Point Lookout: a free weekly publication of Chaco Canyon Consulting
Volume 3, Issue 12;   March 19, 2003: Games for Meetings: III

Games for Meetings: III

by

We spend a lot of time and emotional energy in meetings, much of it engaged in any of dozens of ritualized games. Here's Part III of a little catalog of some of our favorites, and what we could do about them.
A late rabbit

When we complain that meetings are boring, time-wasting, maddening, or frustrating, it might help to check first about the roles we play ourselves. There are dozens of tactics and ploys, which I've been collecting over the years. Here's the third installment of a little catalog of the more common ones. See "Games for Meetings: II," Point Lookout for February 19, 2003, and "Games for Meetings: IV," Point Lookout for April 16, 2003, for more.

Rewriting History
Let's recast this enterprise-scale disaster into a near-miraculous feat of strategic planning.
When we all want to see things from a particular perspective, we sometimes re-enforce each other. We support each other in denying the obvious.
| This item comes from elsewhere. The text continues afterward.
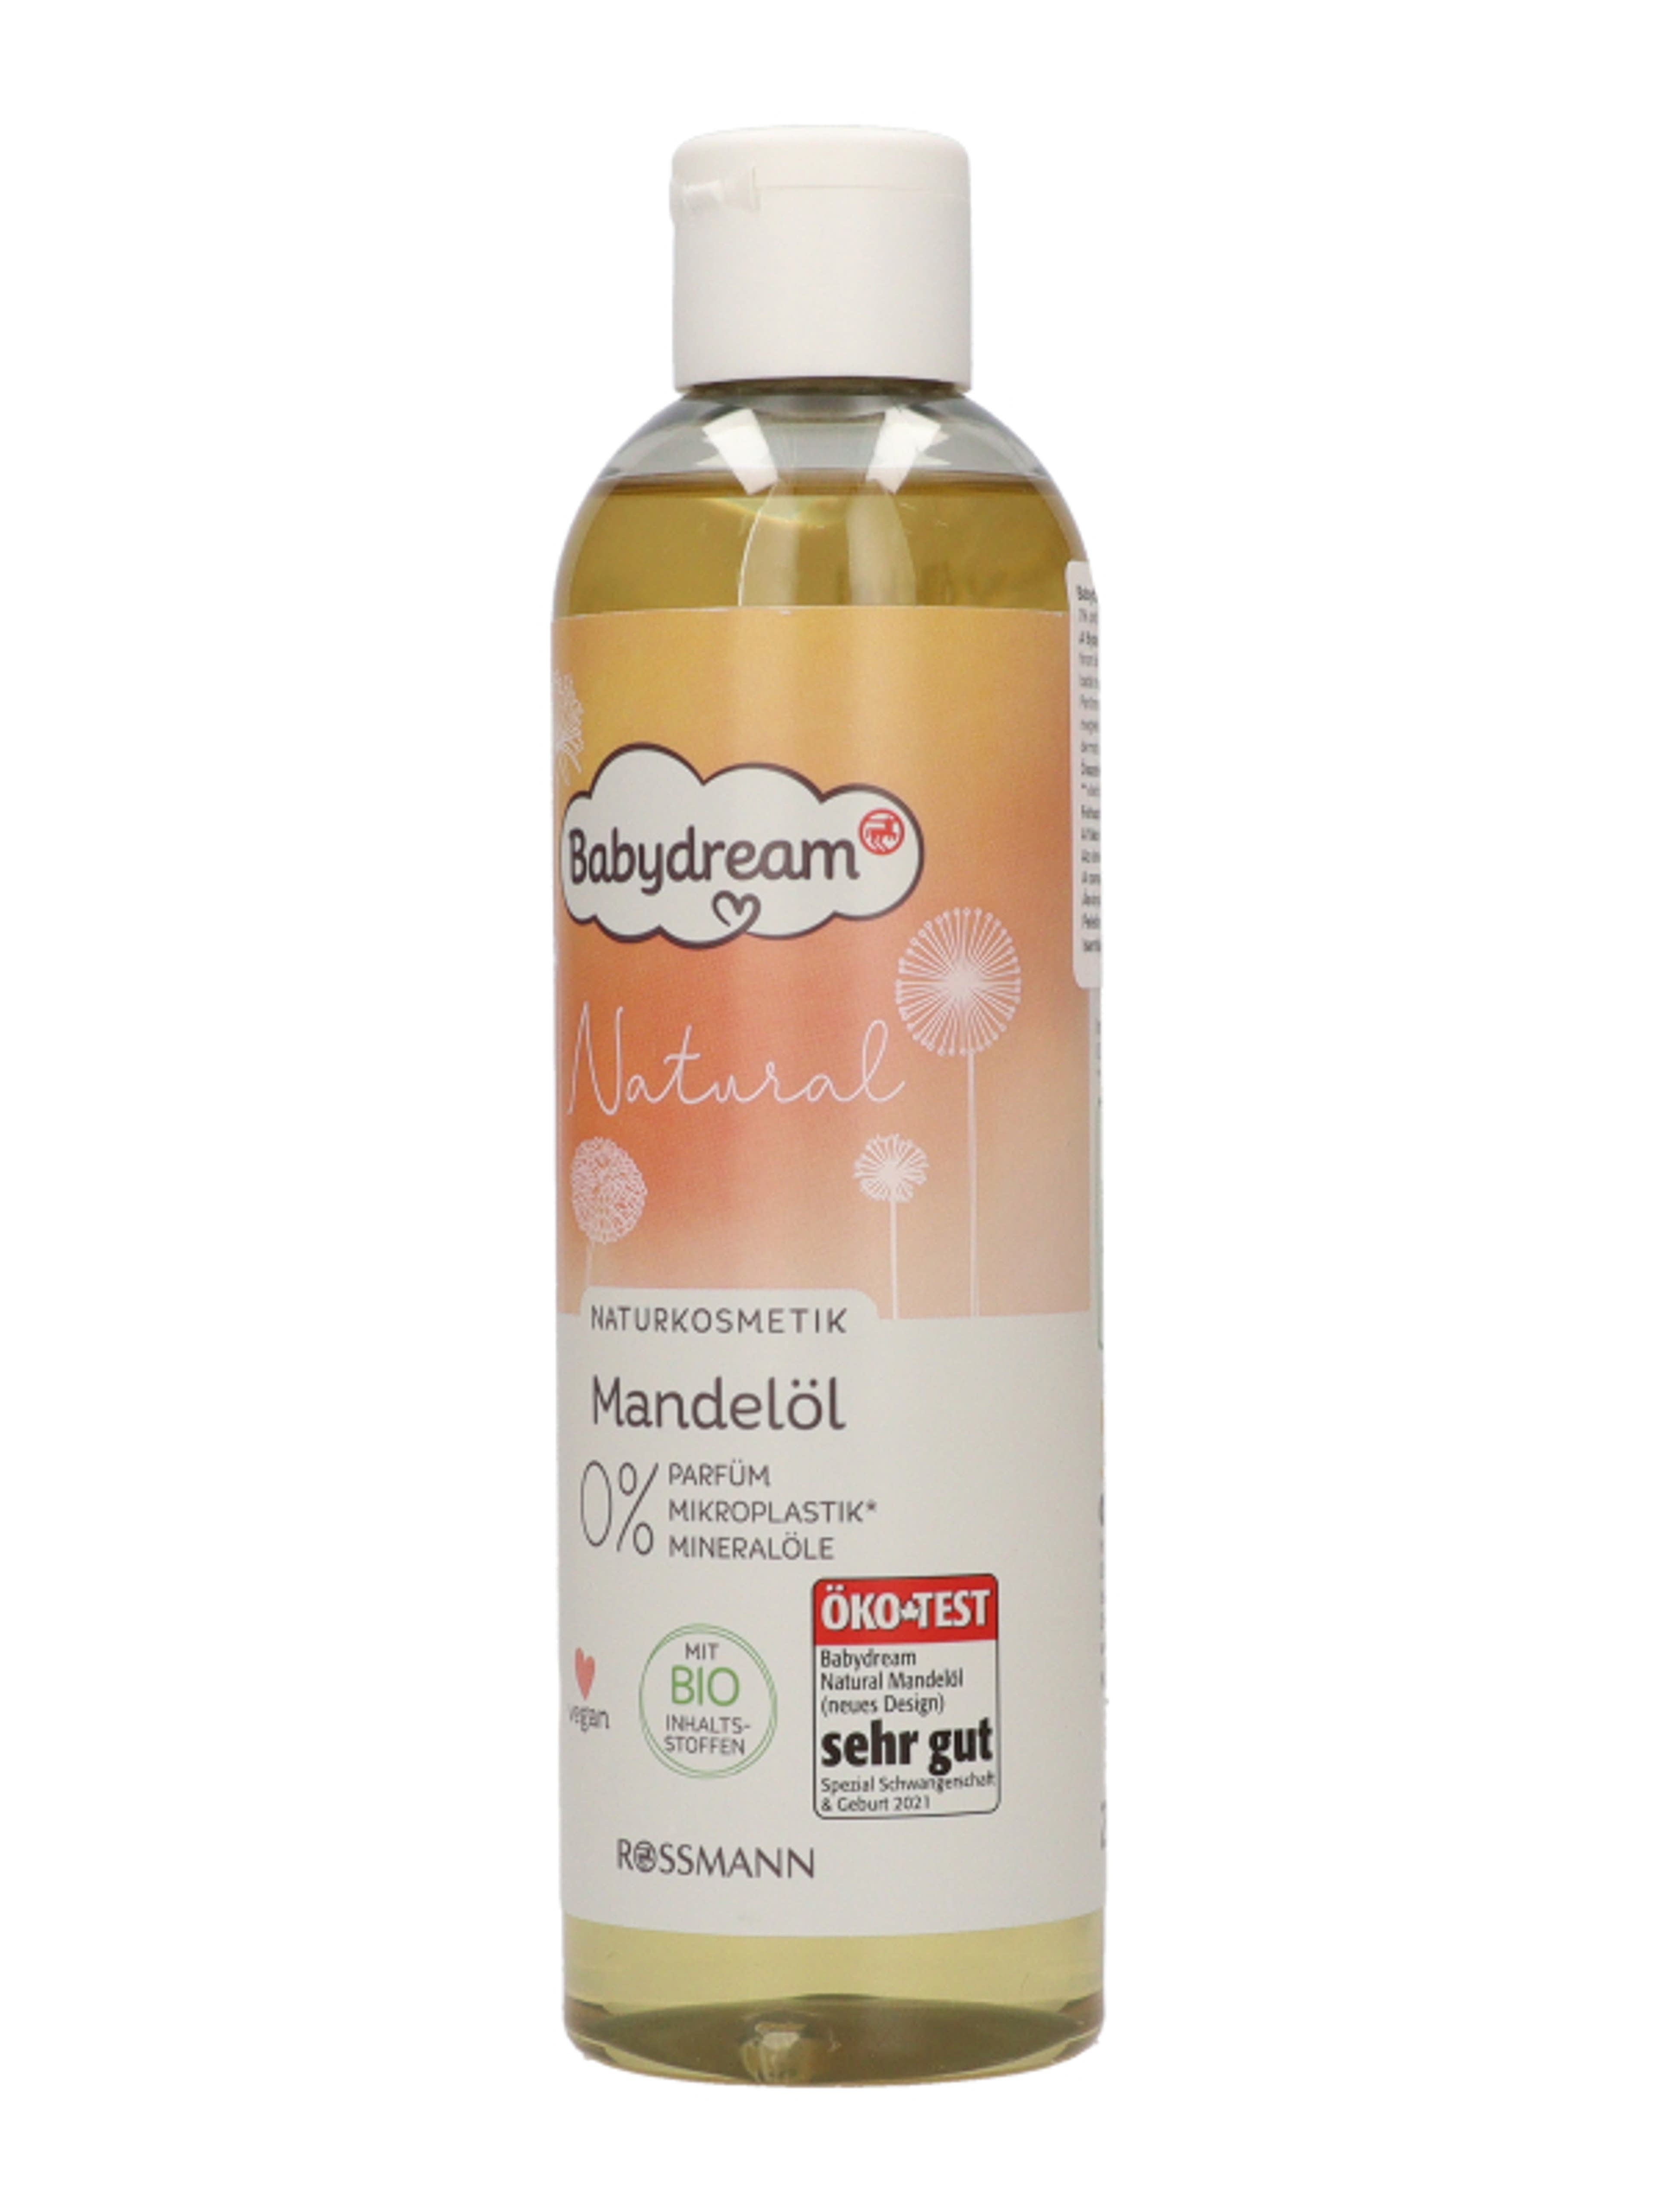 Babydream Natural mandulaolaj - 250 ml-3

And smart people are especially vulnerable, because they can create more elaborately plausible pseudo-explanations. If your team has these tendencies, invite one or two observers. Their mere presence can be a deterrent.
Piling On
Someone is declared "it," and many of us attack. Much more interesting if designee is actually present.
When several people attack another, they can cause permanent damage to the team, because afterwards, everyone knows that anyone can be a target. When an attack occurs, the chair is in the best position to intervene immediately to end it, adjourning the meeting if necessary, to deal privately with the problem of piling on. If you're present when an attack occurs, and the chair doesn't intervene, either raise the issue, or object, or excuse yourself from the room.
I'm Finally Here
I always arrive late, proving my importance.
Late arrivals, at best, disrupt the flow of the meeting, and might even delay its start. Tolerating this pattern is an expensive habit. If many people are often late, it's possible that everyone is overloaded, or that the pattern is so well-established that it doesn't pay to arrive on time. Whatever the case, this problem is one that management is best able to address.
I'm Rarely Here
I'm too important for this, but please schedule these meetings to fit my downtime in case I can make it.
Making allowances for someone who rarely shows up degrades the importance of the effort and demoralizes the team. Schedule the meeting for the convenience of the people who attend it.
Approving the Minutes
We always approve the minutes, no matter what they don't say.
Minutes are useful as records of what was decided and why. An organization in which people are afraid to write down this information eventually pays a high price — it cannot learn from its mistakes.
Cellular Escape
Have someone (or some device) page you.
Tricky, tricky. This one used to work, maybe in 1999. No longer — now people who excuse themselves this way have been heard to exclaim, "It's real! Honest!"

Which of these do you do? Which can you stop doing? What can you do instead? Keep track of what you see in your meetings, and talk about their costs. More coming in future issues — send me descriptions of your more delightful discoveries.  Games for Meetings: I First issue in this series   Games for Meetings: IV Next issue in this series  Go to top Top  Next issue: There Is No Rumor Mill  Next Issue

101 Tips for Effective MeetingsDo you spend your days scurrying from meeting to meeting? Do you ever wonder if all these meetings are really necessary? (They aren't) Or whether there isn't some better way to get this work done? (There is) Read 101 Tips for Effective Meetings to learn how to make meetings much more productive and less stressful — and a lot more rare. Order Now!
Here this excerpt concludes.